W kolejnych latach Yablochkov zaczął pracować nad ogniwami galwanicznymi i dynamem - generatorami prądu elektrycznego. Droga, którą podążał Paweł Nikołajewicz w swoich pracach, pozostaje w naszych czasach rewolucyjna. Sukcesy na nim mogą zapoczątkować nową erę w elektrotechnice. Yablochkov nie wracał już do źródeł światła. W kolejnych latach wynalazł kilka maszyn elektrycznych i uzyskał na nie patenty.

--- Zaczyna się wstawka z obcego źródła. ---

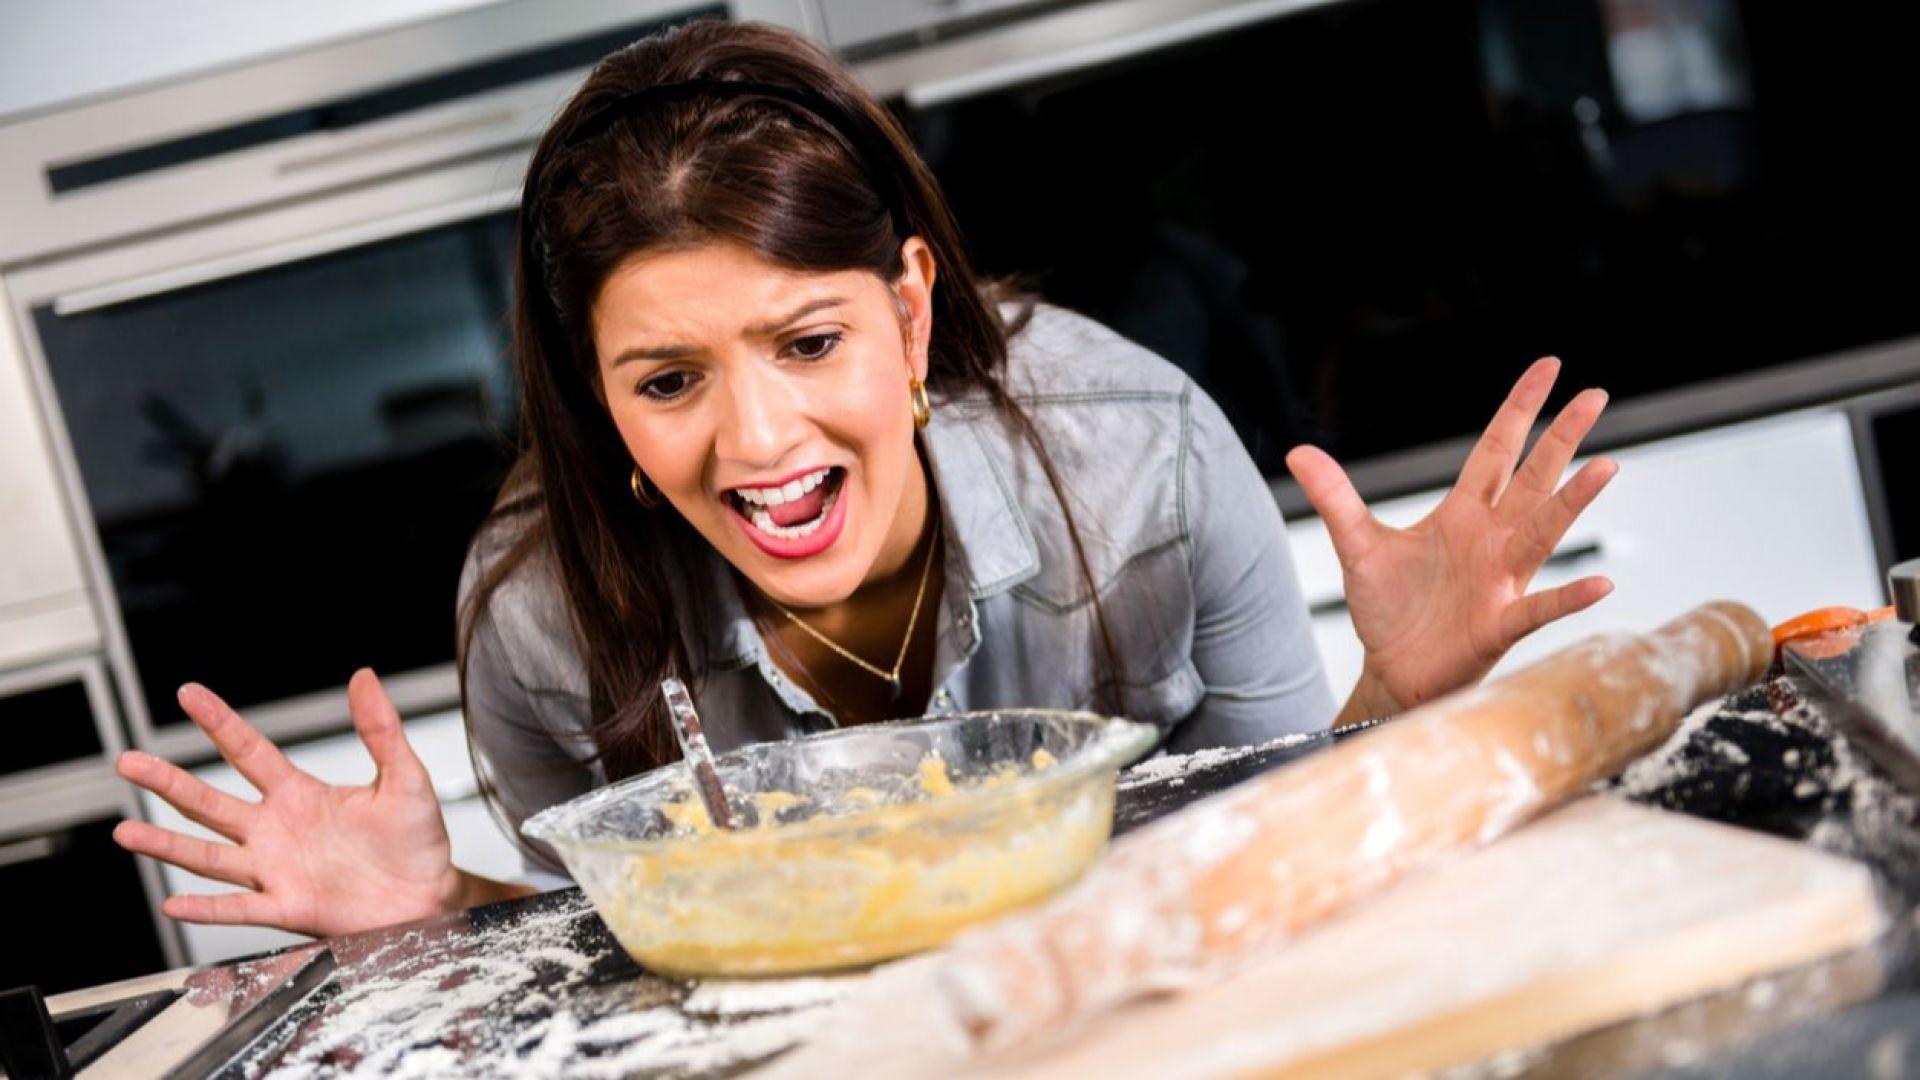 Най-катастрофалните навици в кухнята, които ще възмутят всеки шеф-готвач

Ostatnie lata życia wynalazcy
W okresie od 1881 do 1893 Jabłoczkow przeprowadzał swoje eksperymenty w trudnych warunkach materialnych, w ciągłej pracy. Mieszkał w Paryżu, całkowicie poddając się problemom nauki. Naukowiec umiejętnie eksperymentował, stosował w swojej pracy wiele oryginalnych pomysłów, idąc w nieoczekiwany i bardzo odważny sposób. Niewątpliwie wyprzedzał stan techniki, nauki iprzemysł ówczesnych czasów. Wybuch, który miał miejsce podczas eksperymentów w jego laboratorium, prawie kosztował Pawła Nikołajewicza życie. Ciągłe pogarszanie się sytuacji finansowej, a także postępująca choroba serca – wszystko to podważało siłę wynalazcy. Po trzynastoletniej nieobecności postanowił wrócić do ojczyzny.
Pavel Nikołajewicz wyjechał do Rosji w lipcu 1893, ale zaraz po przyjeździe ciężko zachorował. Znalazł na swoim majątku tak zaniedbaną gospodarkę, że nie mógł nawet liczyć na poprawę swojej sytuacji finansowej. Wraz z żoną i synem Paweł Nikołajewicz zamieszkał w hotelu w Saratowie. Kontynuował swoje eksperymenty nawet wtedy, gdy był chory i pozbawiony środków do życia.
Jabłoczkow Paweł Nikołajewicz, którego odkrycia są mocno wpisane w historię nauki, zmarł na chorobę serca w wieku 47 lat (w 1894 r.) w mieście Saratów. Nasza ojczyzna jest dumna z jego pomysłów i prac.